第二百五十章 钱镠——海塘石与射潮弓
凝聚心神,将衡玉璧的“共鸣安抚”与“澄明本源”之力结合,清光不再仅仅针对浊气,而是轻柔地覆盖整个展板,并向其注入一种客观、全面、充满理解同情的意念:

    “在五代十国的大乱世中,中原等地战乱频仍,人口流离,田地荒芜。而吴越国在钱氏治下,能保持相对稳定,人口得以自然增长,荒地得以开垦,这本身就是巨大的成就。这增长背后,是有效的社会治理、水利建设保障农业、相对轻的徭役(至少相比同时代许多政权)以及发展贸易的结果。这不是完美的乌托邦,但在那个时代,已是难得的安宁之地。后世承其遗泽,继续发展,正是文明传承的常态。苛责古人没有达到现代标准,或者因其政权终被统一而否定其治绩,并非公允的历史态度。”

    温馨的意念平和而充满力量,如同清泉洗涤尘垢。那试图扭曲解读的浊气,在这股客观而充满历史同情心的清光涤荡下,开始松动、消散。展板本身承载的正面信息(人口增长、垦田扩大)被凸显出来。

    就在此时,温馨感到一股雄浑而复杂、带着赞许与感慨的意念,轻轻触动了她的心弦。是钱镠的灵韵!在古海塘那边与李宁沟通的同时,其部分感知也通过文脉的微弱联系,感受到了这边发生的一切。

    “女郎为某直言,明某心迹,某心甚慰。”钱镠那沉厚的声音在温馨心中响起,少了几分帝王的威严,多了几分坦诚,“治吴越数十载,宵衣旰食,不敢或忘。兴水利,劝农桑,通商贾,固然为固本强兵,然若百姓不得实惠,税赋从何而来?兵丁从何而募?某非圣贤,自有私心,然‘使民得安’四字,确为某施政之圭臬。后世论者,或褒或贬,皆有其理。然能见当时百姓稍得喘息,某心已足。至于纳土……天下大势,分久必合。能以和平之法,使两浙生灵免遭兵劫,保全某一生心血所创之基业不至于毁于战火,某……无悔也。多谢女郎,助吾于此青史陈列之地,得聆后世公允之音。”

    随着钱镠话语落下,温馨感到手中衡玉璧微微一热,一股雄浑、务实、带着潮汐与金石之感的意念能量传来,与之前李宁那边传来的那枚“工具”虚影的感应相互呼应、融合。钱镠的文脉碎片,在这两处分别印证了“于自然伟力前以人力抗争守护”与“于历史评价中得见本心功过”后,变得更加凝实、通透。

    博物馆展厅内那股被扭曲的、贬低历史努力的气氛彻底消散,恢复了原本那种客观、严谨、引发思考的氛围。温馨知道,这里的危机解除了。她没有停留,立刻离开博物馆,按照计划前往滨江低洼带的亲水公园。虽然此地的浊气已被净化,钱镠的灵韵也已趋于稳定,但她还是想亲眼看看那片历史上曾多灾多难、如今已变成市民休闲之地的区域,或许,那里还能为钱镠的“守护”之文脉,提供最后一方民心的印证。

    滨江低洼带亲水公园,尽管天色阴沉、台风将至,仍有不少市民在此散步、锻炼。经过整治的江水相对平缓,湿地公园里芦苇摇曳,白鹭飞翔,一片祥和。与博物馆的静态陈列不同,这里充满了鲜活的生活气息。但温馨的“澄明本源”能感知到,在这片安宁之下,土地深处仍沉淀着过去水患肆虐时的惊恐、房屋倒塌的绝望、重建家园的艰辛……这些记忆,如同地层,并未消失。
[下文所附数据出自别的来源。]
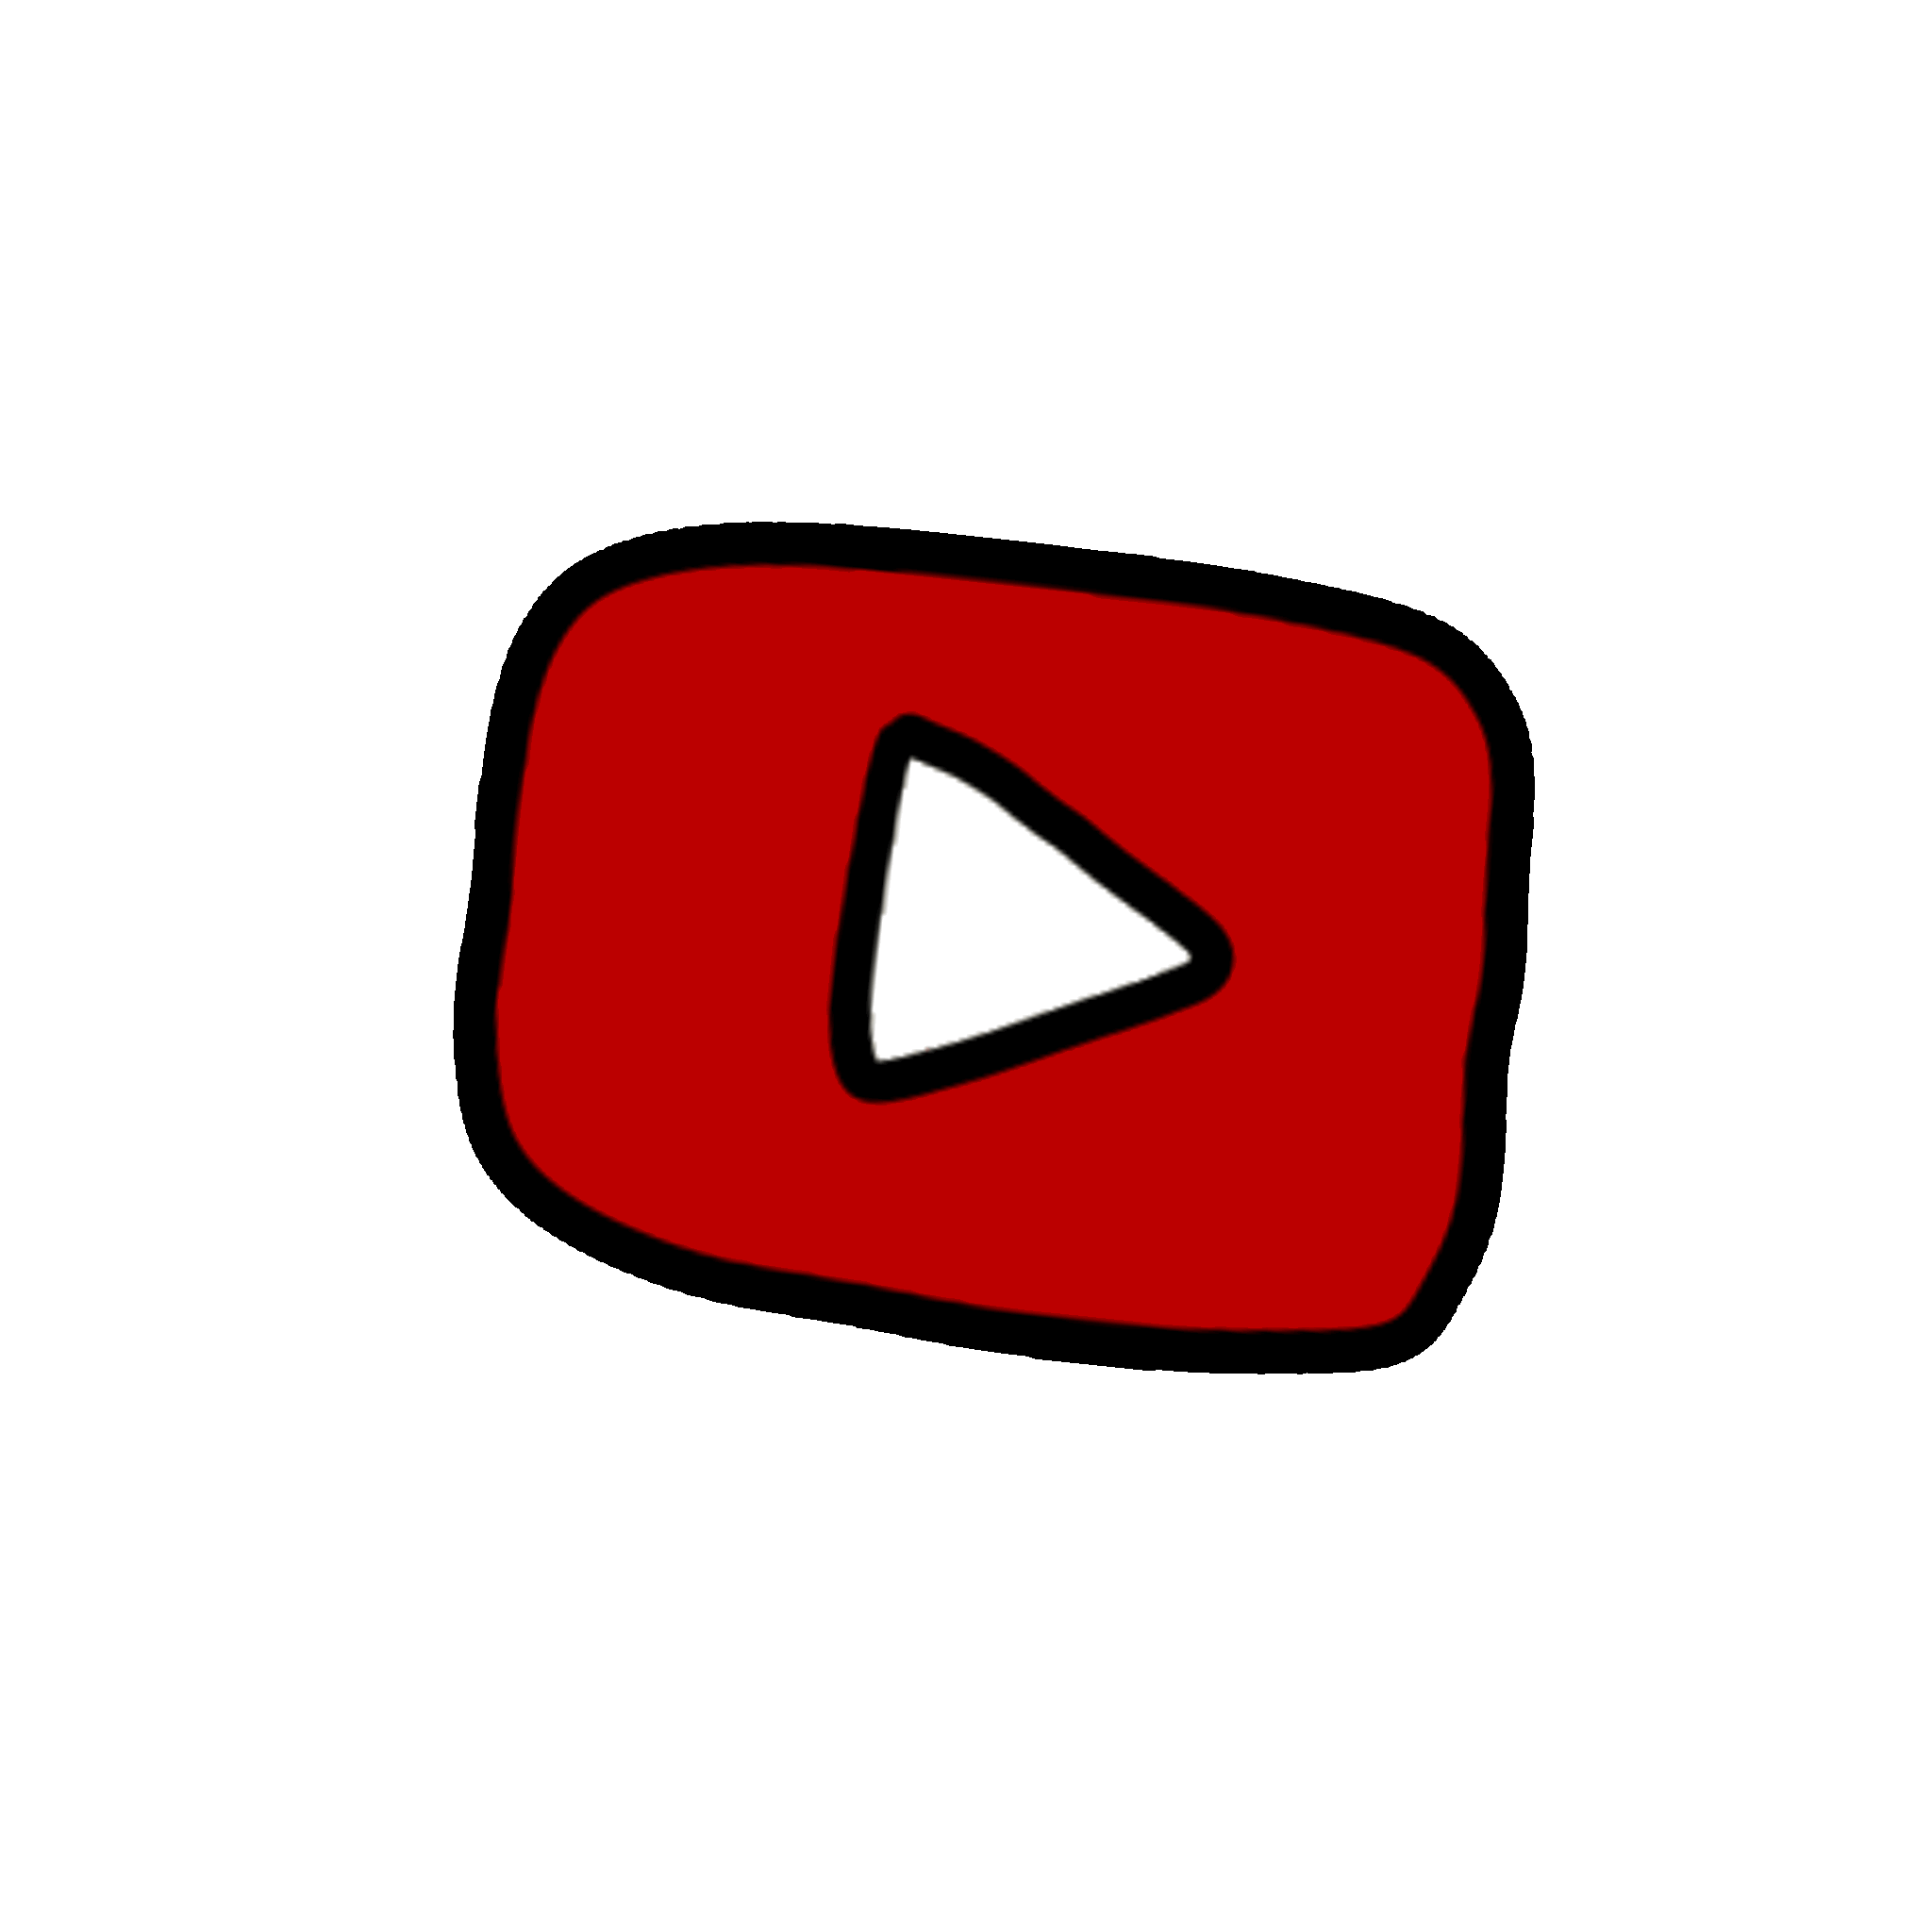 Youtube Logo Sticker for iOS & Android.

    她漫步在亲水步道上,将衡玉璧的清光轻柔地渗入脚下土地,不去惊扰游人,只是默默感应着这片土地的记忆层。她“听”到了不同年代的声音:远古的潮声,历史上的哭喊,建国初期治水大会战的号子,以及近年来环境整治后的欢笑声……这片土地,承载了太多的伤痛与希望。

    而其中,有一种相对清晰、带着感激与怀念的“集体记忆”,隐隐指向那位“钱王”、“海龙王”。虽然不是每个人都清楚知道具体历史,但一种“从前有位大王,修塘治水,让咱们这儿少受点淹”的模糊记忆与好感,代代相传,融入到了这片土地的生活气息之中。这是一种最朴素、也最真实的“民心”。

    温馨将这份感知,连同在古海塘、博物馆的感悟,一并通过衡玉璧的清光,遥遥传递向文枢阁方向,也传递向钱镠那正在归位的灵韵。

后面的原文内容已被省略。